The summaries below set up the main points from each day of the DeSTRESS project conference, Poverty, Pathology and Pills held on 15/16 January in London. You can also view or download abstracts and slides for each presentation.
A brief report followed by abstracts and slides from the first day of the conference.
Stagnating life expectancy rates show the nation’s temperature rising. Jessica Allen (UCL Institute of Health Equity) pointed out that poorer groups have seen past improvements reversed, with psycho-social factors a key driver. Many people feel they have little control over their lives, increasing stress levels. The growing incidence of adverse childhood experiences is storing up mental health problems for the future.
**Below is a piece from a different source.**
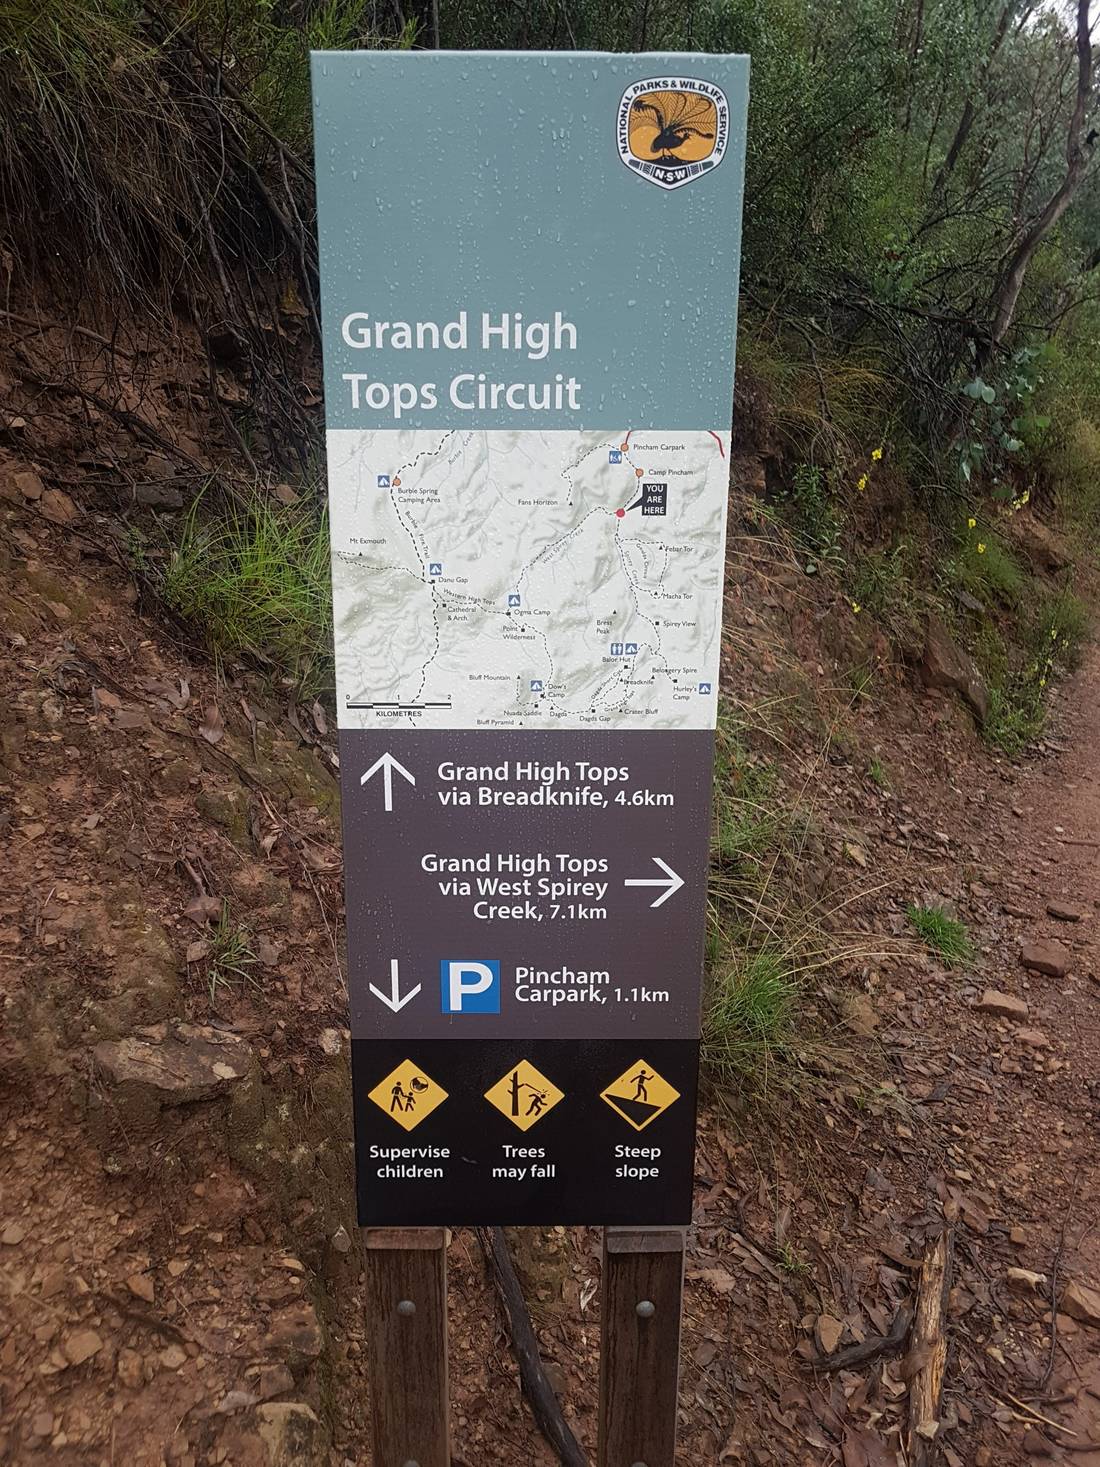 So, after a good night’s sleep we were back to try one of the most famous short hikes in Australia, one that we knew only as ”Breadknife”.

Vanessa Pinfold (McPin Foundation) reflected on people’s experiences of mental health in low income communities. The quality of the services they receive is overlooked, and the impact of poverty on the social, economic and environmental context of people’s lives is ignored. Working together, communities can build a sense of identity through their people, places and activities, and improve mental health. It’s possible, but only as long as they have the capacity and voice to do so.
DeSTRESS works with communities in areas with some of the fastest rises in anti-depressant prescribing in the country. It focuses on the impact of poverty on the lives of people and their mental health, their interactions with GPs and primary care services. It explores how the impact of poverty can be mitigated and the quality of the GP/patient relationship improved.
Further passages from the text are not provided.